Heretic - Someone which holds unorthodox religious beliefs. A holder or an adherent of an opinion or belief that contradicts established religious teaching. Someone with unconventional beliefs, someone's whose opinions, beliefs, or theories in any field are considered by others in that field as extremely unconventional or unorthodox.

Conflict Avoidance

This is a good strategy to temporarily handle the anger of another person or group. Heated exchanges tend to obscure unexpected issues, we can become hasty in thought, decision, words, and have a hard time seeing a clear perspective on a situation or matter, so we stay away to examine what's at the heart of the point of contention, because we're not able to employ any reasoning skills during the exchange. Allowing people to cool off by temporarily avoiding confrontation usually improves the quality of a future exchange. Avoidance is an excellent long term conflict management strategy only if the relationship between the parties is or can be independent, not relying or having to interact with one another on a normal basis. An interdependent relationship relies's on cohesiveness and collaboration, both parties have to work together to maintain this type of situation.

There's no point in experiencing potentially destructive or counterproductive conflict if we can completely separate ourselves from the other party. Sadly, the option of bailing out is not always available. It may be necessary to maintain interdependence for a variety of reasons, for example this would not work for a married couple. Conflict avoidance will not work under these conditions and maintain peace long term, not just between parties but also with Elohim. We have to determine if dialog or the chance for dialog is a liability or a future developmental asset. We need to examine the nature of the person we may want to implement a conflict strategy with, considering if it's possible to come to an agreement, or because we know the nature of the individual decide it's better just avoid them completely.

    He who corrects a mocker invites insult. He who reproves a wicked man invites abuse. (Proverbs 9:7 RNWEB)

There is absolutely no profit in trying to correct a contentious, argumentative, backbiting, and strife oriented individual. Conflict resolution will not work with everyone, we need to use wisdom and be very discerning as to what course to take.

    Don't reprove a scoffer, lest he hate you. Reprove a wise man, and he will love you. (Proverbs 9:8 RNWEB)

A scoffer (someone showing contempt) will take correction as a form of debasing or humiliation, where as a wise man will be open to correction and reproof and receive it openly.

Reprove - to sensor someone, to speak to someone in a way that shows disapproval of something he or she has done.

We cannot reprove someone that's extremely unpredictable, inconsistent, moody or erratic. They can make extreme emotional swings for no obvious reason, so a great deal of prudence and discernment needs to be used to determine who these people are. The righteous are not looking for confrontations with anyone, they just want everyone to be at peace.
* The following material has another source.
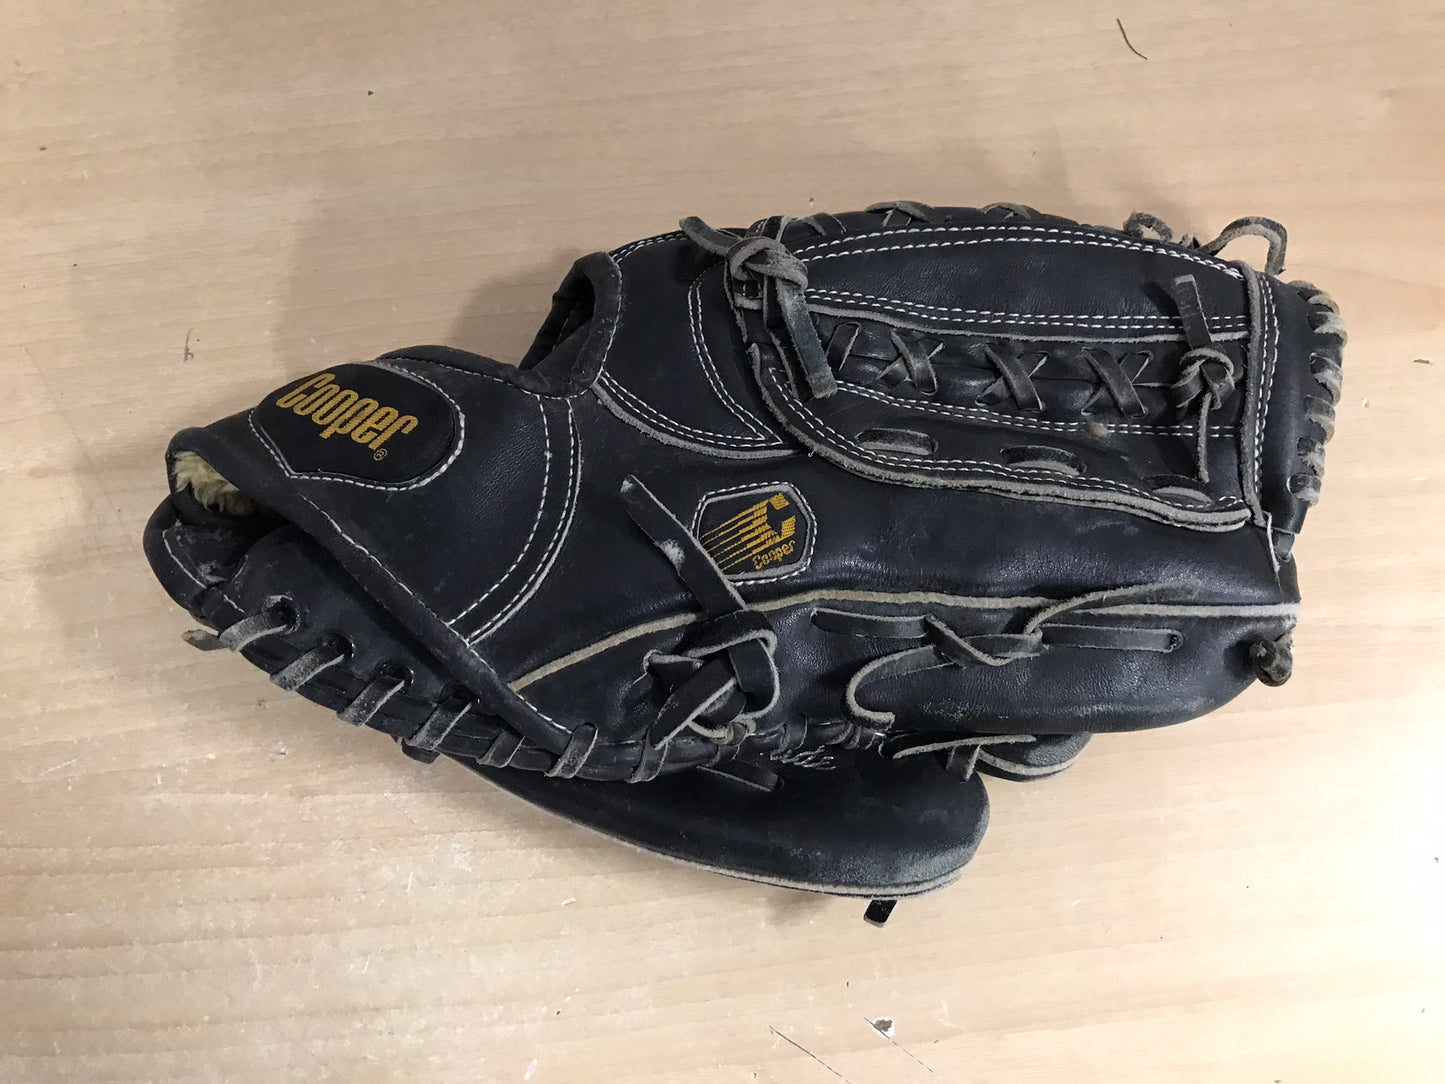 Baseball Glove Adult Size 12 inch Cooper Leather Black Fits on Left Hand
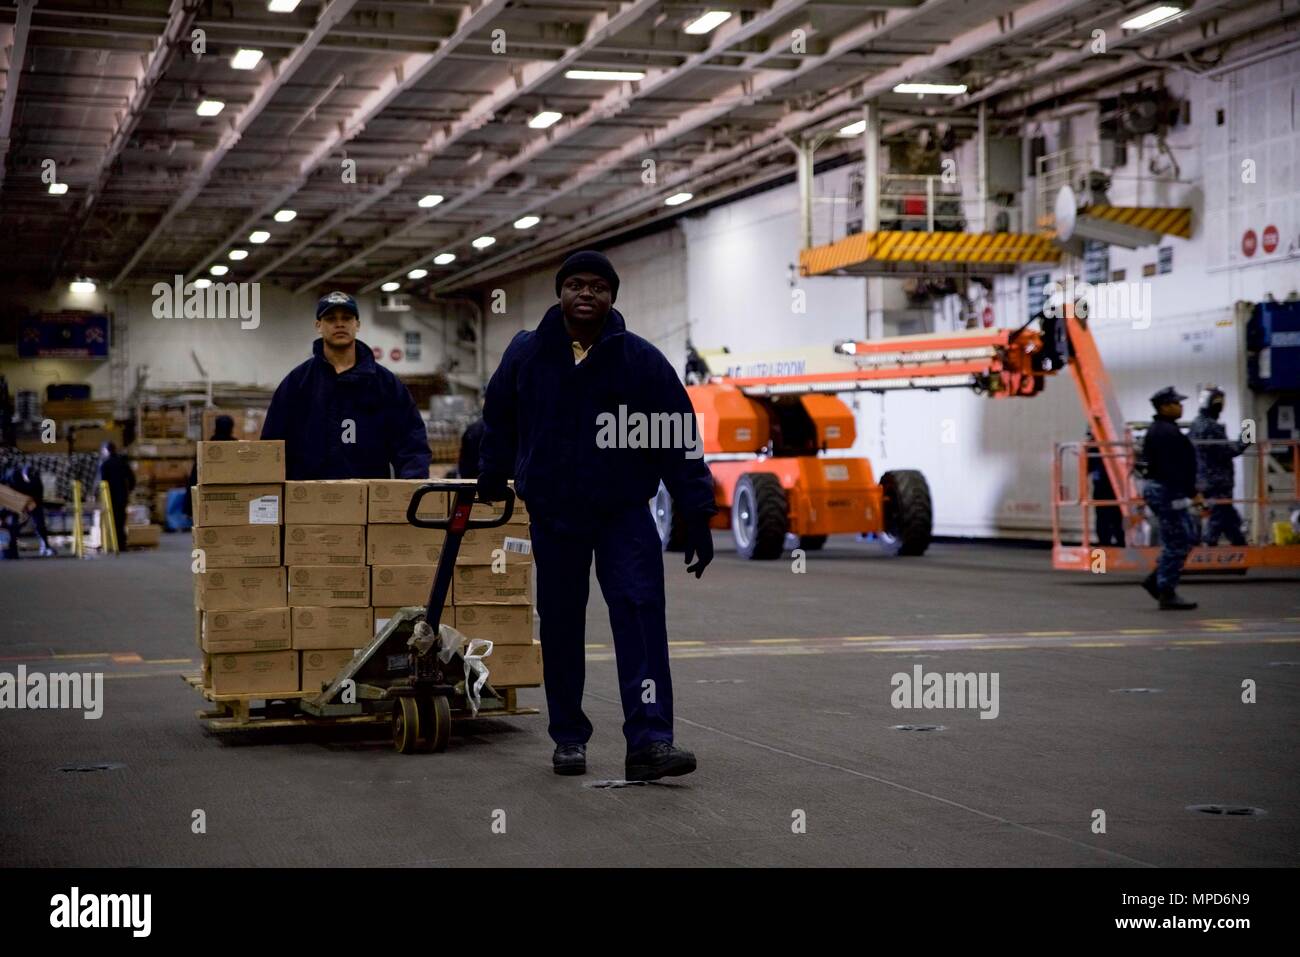 170204-N-IE397-002  NORFOLK, Va. (Feb. 4, 2017) Culinary Specialist Seaman Sodou Amoussi, from Gainesville, Ga., right, and Culinary Specialist Seaman Jonathan Mcleod-Peters transport supplies across the hangar bay of the aircraft carrier USS Dwight D. Eisenhower (CVN 69) (Ike). Ike is currently conducting aircraft carrier qualifications during the Sustainment Phase of the Optimized Fleet Response Plan (OFRP). (U.S. Navy photo by Mass Communication Specialist 3rd Class Christopher A. Michaels) Stock Photo

    Don't speak in the ears of a fool, for he will despise the wisdom of your words (Proverbs 23:9 RNWEB)

There is no need to reprove, rebuke, or go through any form of conflict resolution with a fool.

Fool - Want of mental sanity and sobriety, a reckless and inconsiderate habit of mind; A person lacking in judgment or prudence; The lack of commonsense perception of the reality of things natural and spiritual.

    Don't answer a fool according to his folly, lest you also be like him. (Proverbs 26:4 RNWEB)

Fools say things to lay snares and drag us into their wrath and tribulation, they don't want peace, In other words misery loves company and a fool likes a lot of company. They look for recognition, attention, and affection, all the things they don't deserve. We cannot negotiate, collaborate, or compromise with them because they are specifically trying to create conflict, which makes it impossible to find a solution.

    Answer a fool according to his folly, lest he be wise in his own eyes. (Proverbs 26:5 RNWEB)

When we perceive an individual is extremely superficial and simplistic by choice, we should depart from them. This means were dealing with an ignorant individual, keep the peace, be cordial and leave. The scripture says to stay away from a foolish man, for you won't find knowledge on his lips. (Prov 14:7)

    Now I beg you, brothers, look out for those who are causing the divisions and occasions of stumbling, contrary to the doctrine which you learned, and turn away from them. (Romans 16:17 RNWEB)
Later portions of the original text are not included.